My dissertation, completed in 1999, built on some main research findings in the realist balance-of-power paradigm, of which Walt is a leading scholar. His book, The Origins of Alliances (1987), offered one of the most important emendations to the balancing and alliance literature since the work of Kenneth Waltz in the late-1970s. I've loved the realist paradigm - with its grounding in rationalism and the primacy of the national interest - since my days as a political science undergraduate. Walt, as well as his coauthor John Mearsheimer (who I met in 2002 at the APSA annual meeting in Boston), are great political scientists, worthy of emulation.
But I became increasing less enamored of Walt and Mearsheimer in 2003, with the publication of their attack on the Bush administration's build-up in Iraq in 2003, "An Unnecessary War." It became clearer to me over time that realist academic political scientists were basically antiwar peaceniks with mortarboards and tassels.

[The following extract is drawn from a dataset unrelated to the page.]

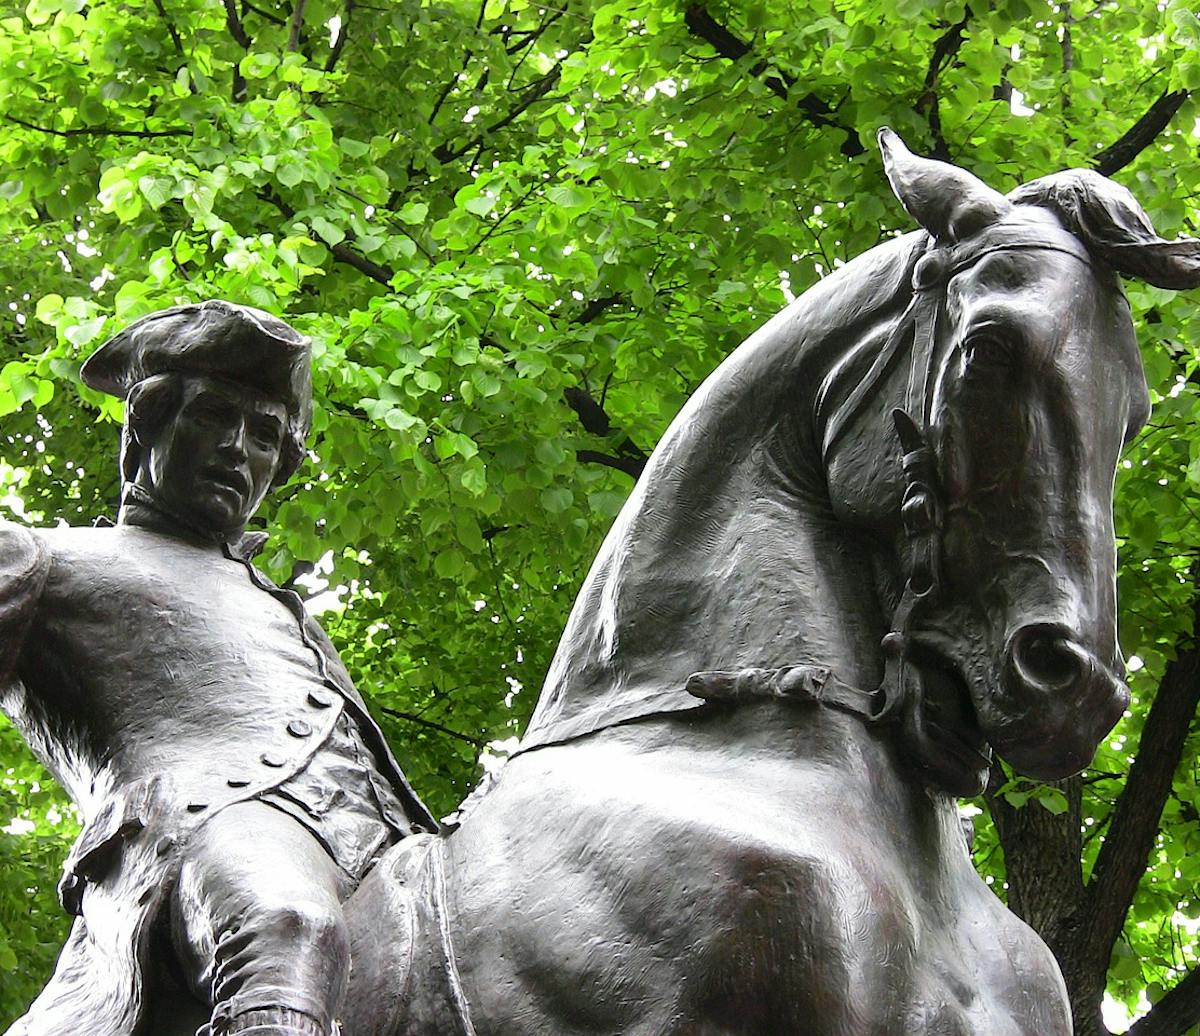 Paul Revere statue

Walt and Mearsheimer, of course, have become central players in the debates on U.S. foreign policy toward Israel. Most folks are familiar with the huge controversy over their article a few years back at the London Review of Books, "The Israel Lobby." I had just started blogging at that time, and didn't get too wrapped up in the debate. I read some flurries of the controversy in the pages of Foreign Policy, "The War Over Israel’s Influence," and I recommend Michael Massing's powerful essay reviewing the debate at the New York Review, "The Storm over the Israel Lobby." See also, Richard Baehr and Ed Lasky's, "Stephen Walt's War with Israel."
Yesterday afternoon I picked up a copy of Walt and Mearsheimer's book that grew out of that debate, The Israel Lobby and U.S. Foreign Policy. I read the preface and introduction last night, and will continue reading this afternoon. I figured I might as well read the whole thing. With Walt now a major blogger at the Foreign Policy website, who will likely provide ample fodder to the nihilist leftists of the online fever swamps, it seemed like now's a good time to consume the full argument in preparation for even more intense debates in the months and years ahead.
Just a look at Walt's page this morning gives one a heads-up on what to expect. In an essay entitled "It's Time to Redefine 'Pro-Israel'," Walt glowingly cites the well-known Bush administration nemisis and eminent sockpuppet Glenn Greenwald:Over at Salon.com, Glenn Greenwald has posted some typically sharp and forceful comments on the gap between American public opinion on the conflict in Gaza and the public stance taken by our politicians.I'm telling you, if Stephen Walt - who is the Belfer Professor of International Relations at Harvard's John F. Kennedy School of Government - describes Greenwald, who is perhaps the most loathed hardline leftist blogger among conservatives across the blogosphere, as "typically sharp," then there really is something strange going on in academic political science. To put Walt's blogging endorsements in perspective, see Rick Moran's, "Glenn Greenwald is a Pathological Liar."
It's kind of sad, actually, but this is the postmodern world we live in nowadays. Good thing I became a blogger, I guess.